* _Data extract_:
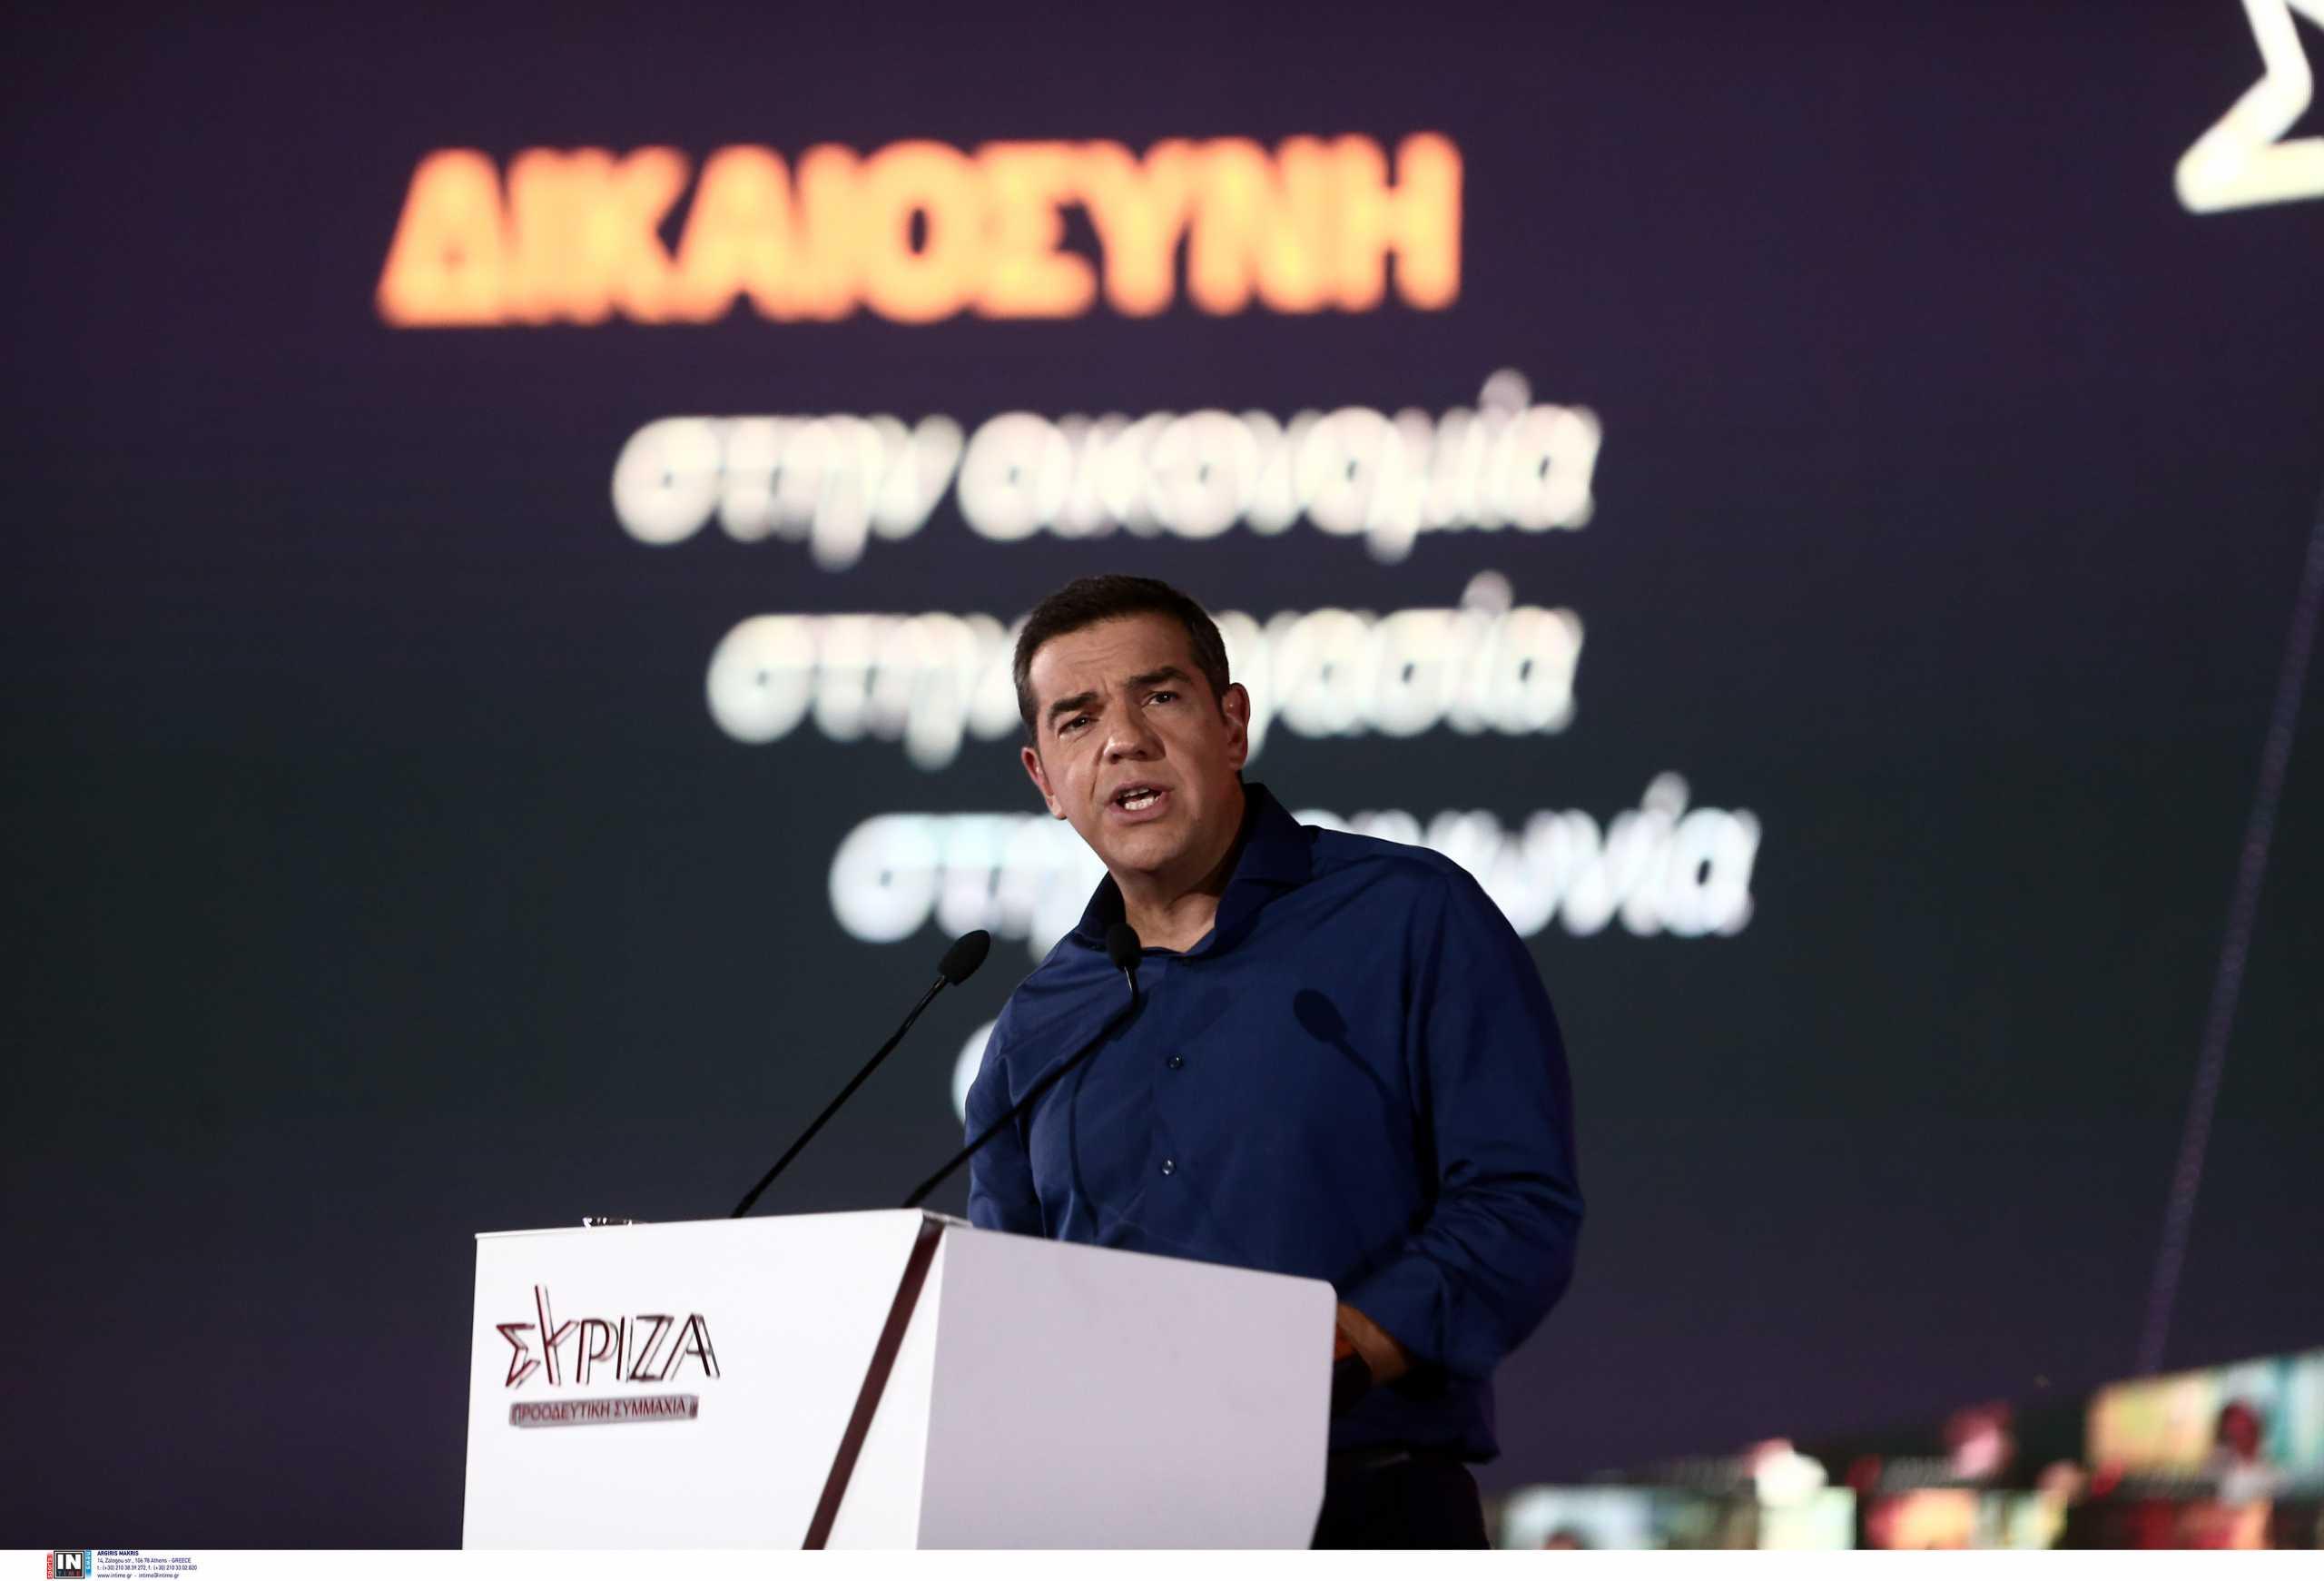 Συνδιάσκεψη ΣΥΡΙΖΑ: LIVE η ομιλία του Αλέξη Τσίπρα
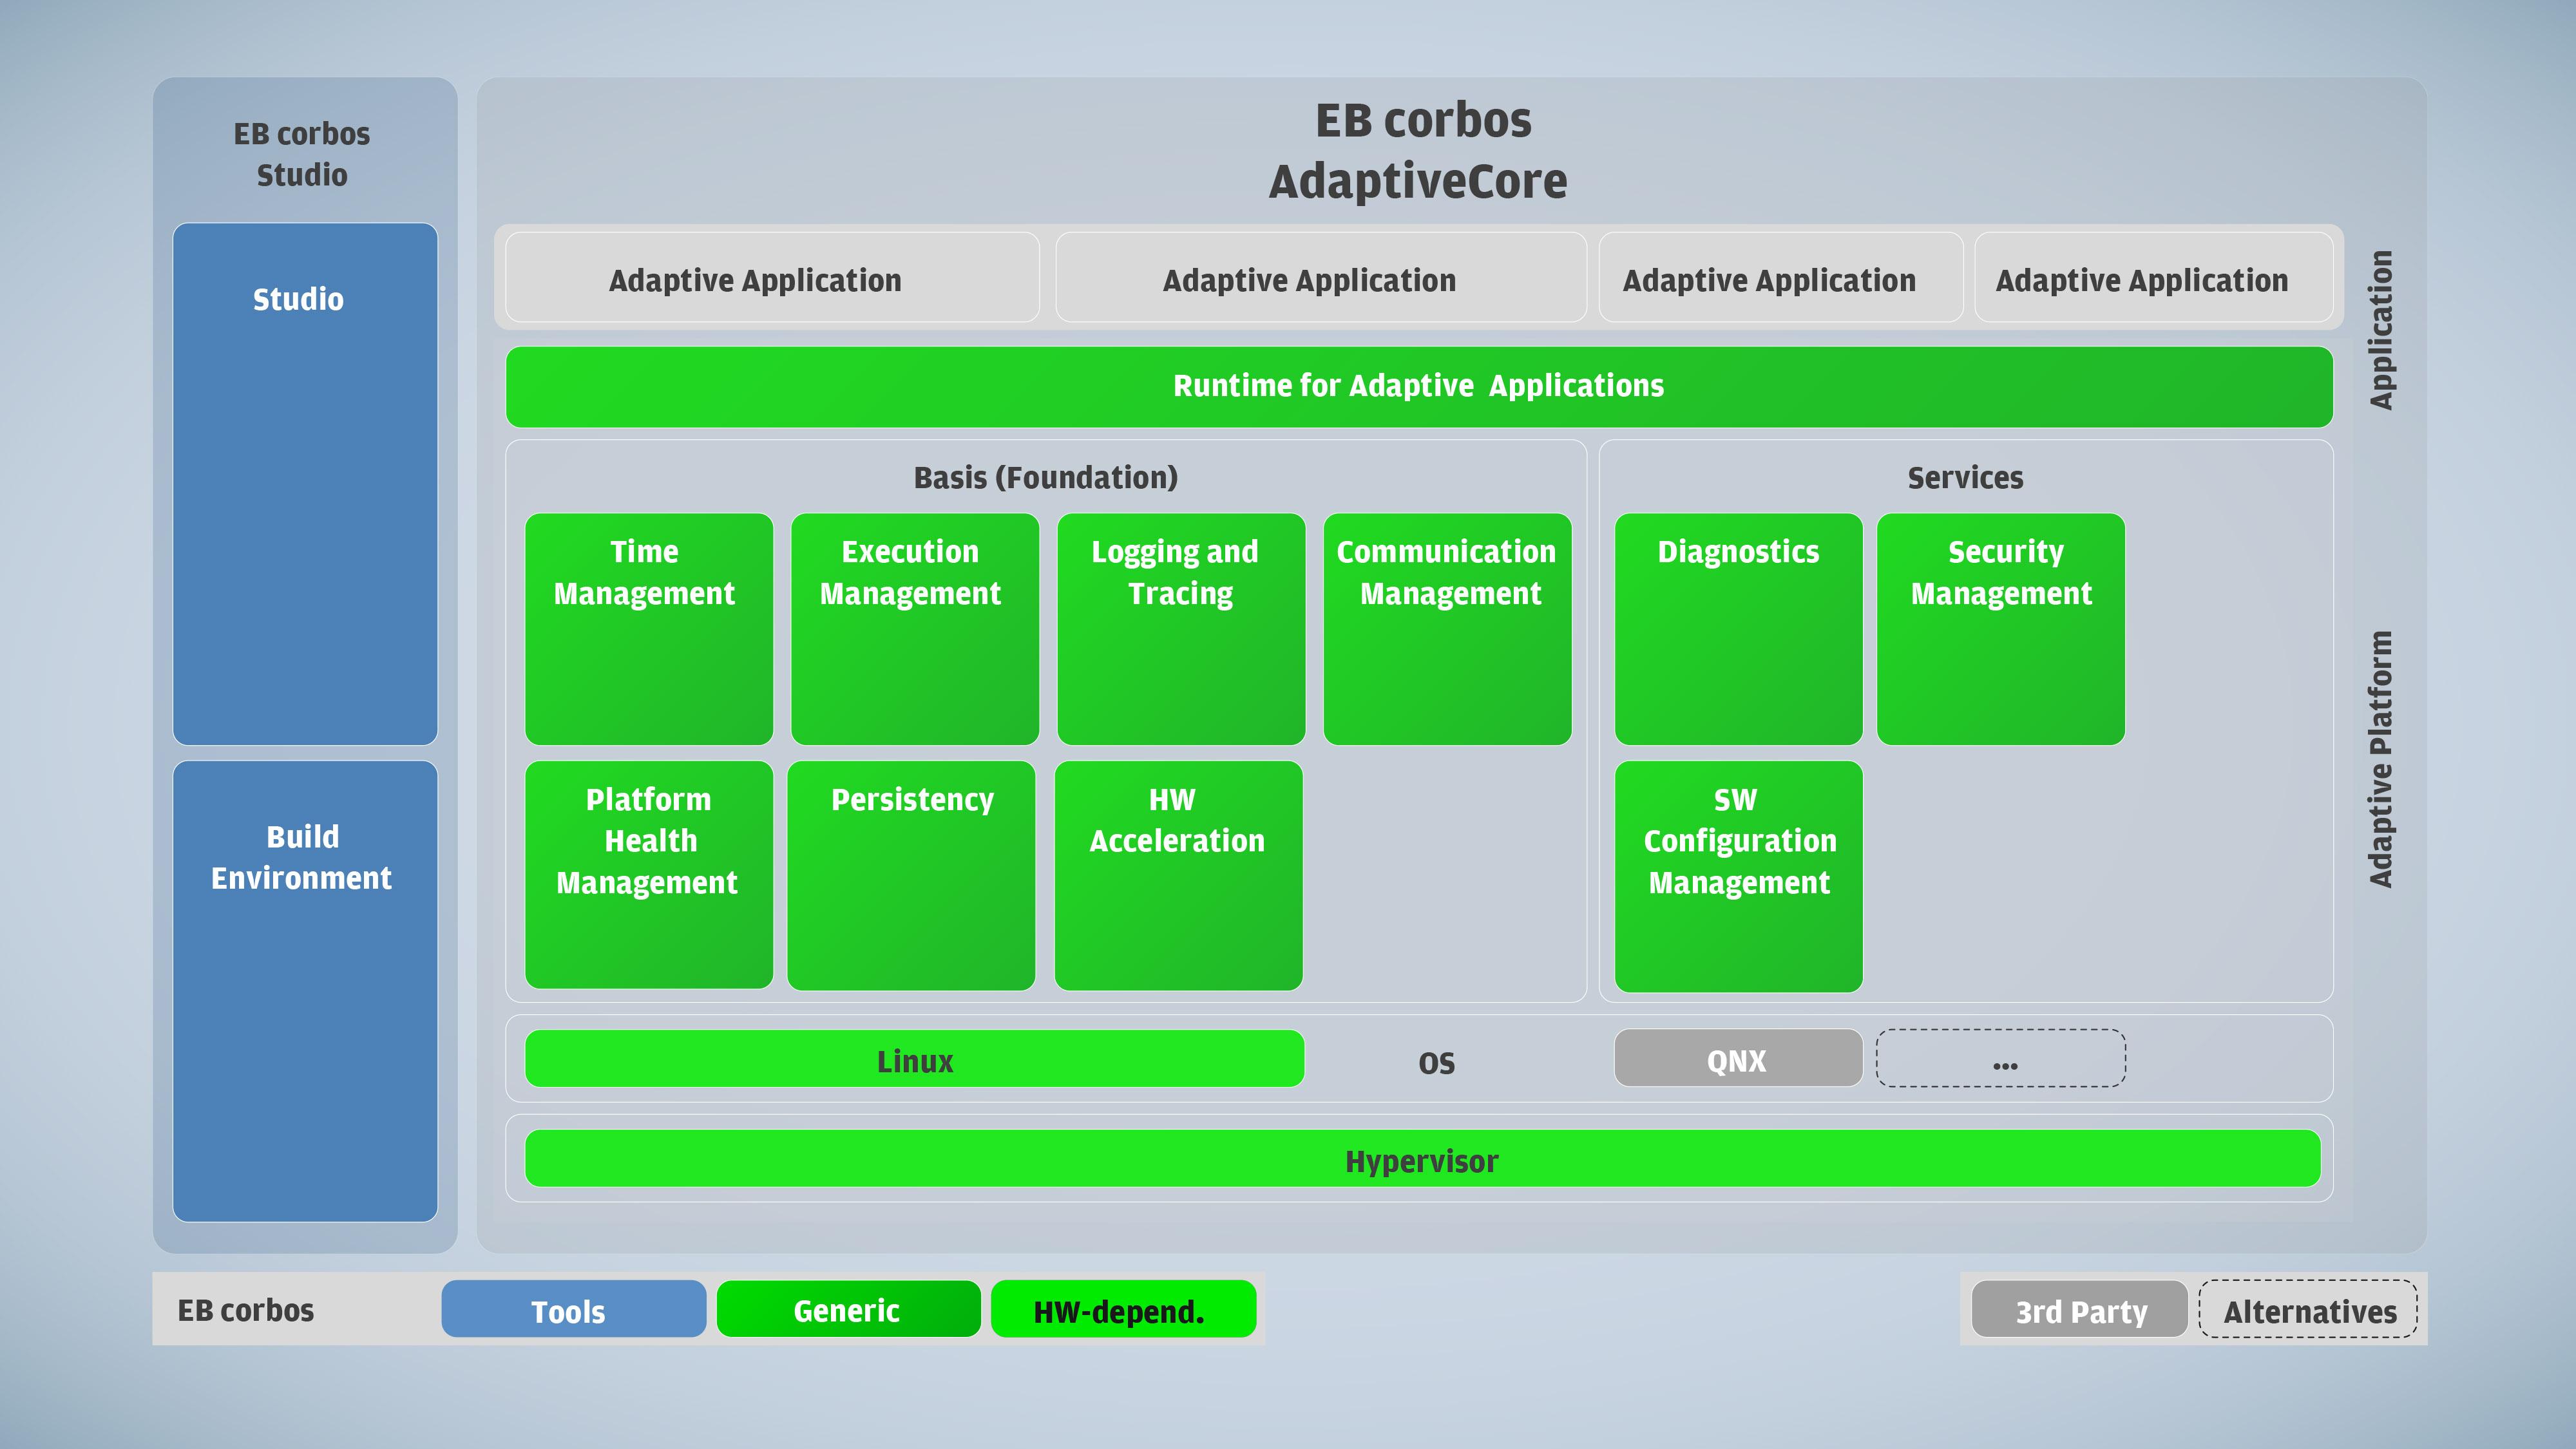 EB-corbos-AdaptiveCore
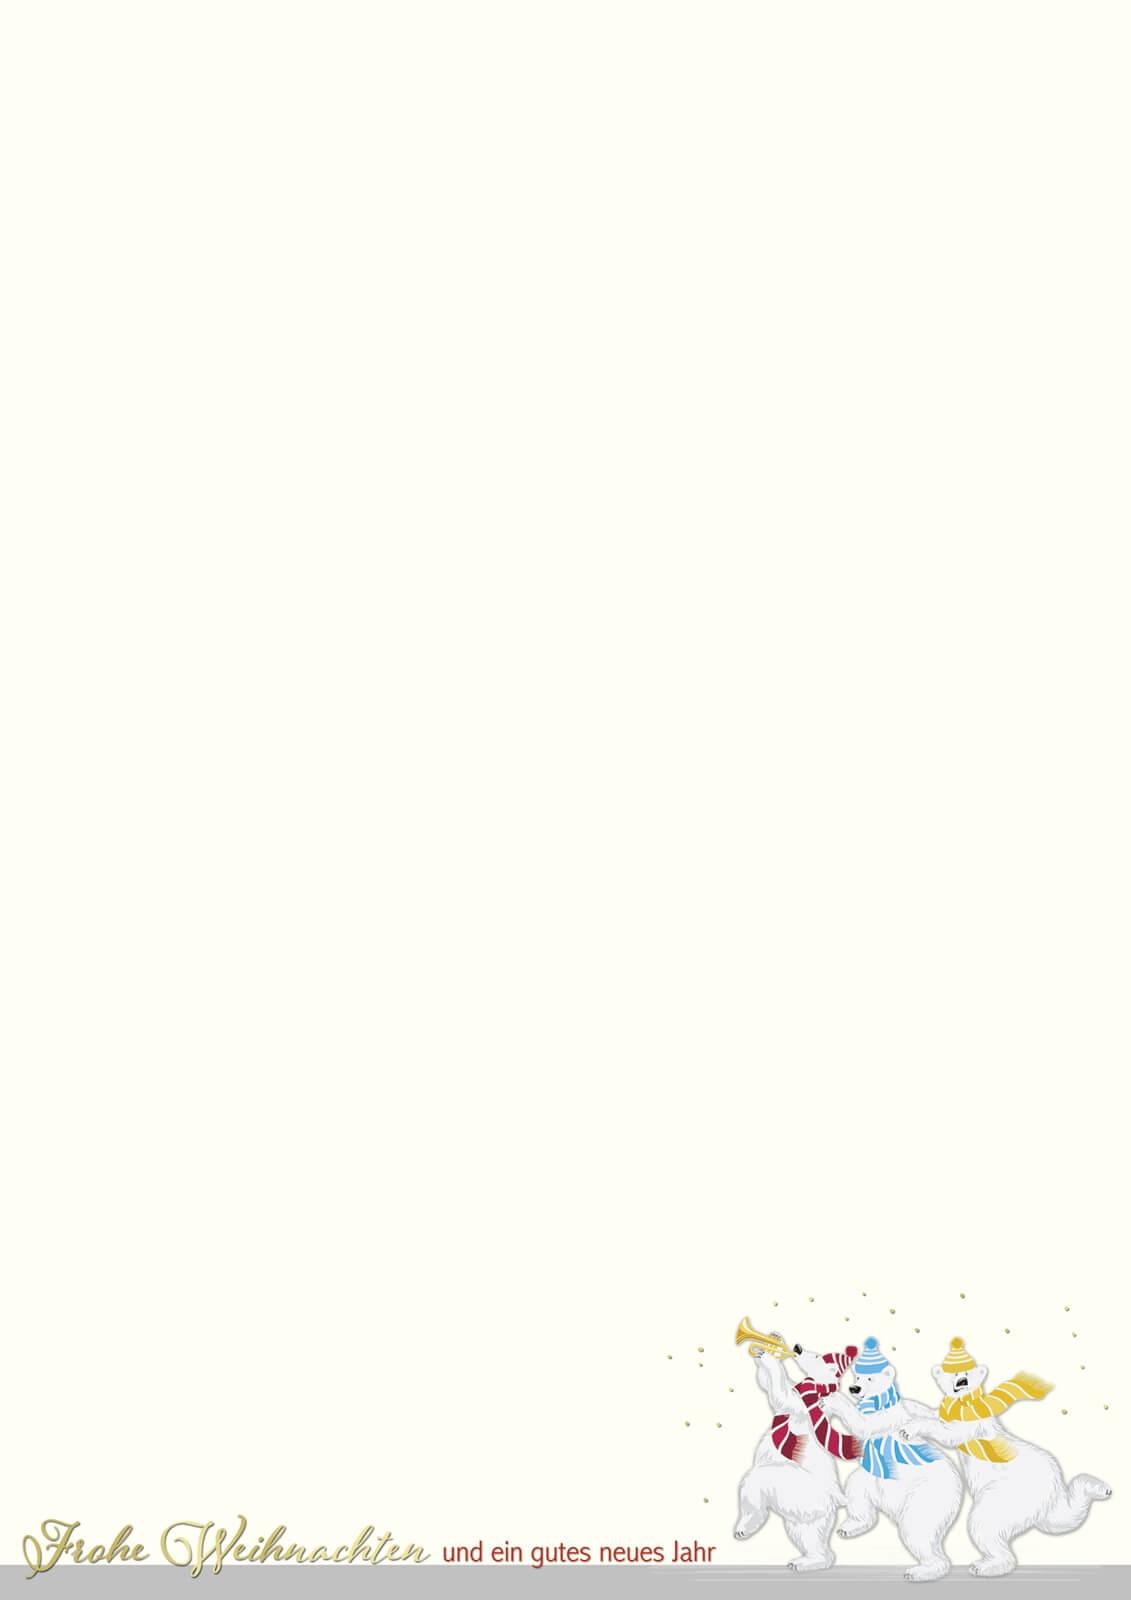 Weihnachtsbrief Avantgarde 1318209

* _What the task asks_: Print out the whole listing word for word. Leave the pictures out.

* _Response area_:
 Συνδιάσκεψη ΣΥΡΙΖΑ: LIVE η ομιλία του Αλέξη Τσίπρα
 EB-corbos-AdaptiveCore
 Weihnachtsbrief Avantgarde 1318209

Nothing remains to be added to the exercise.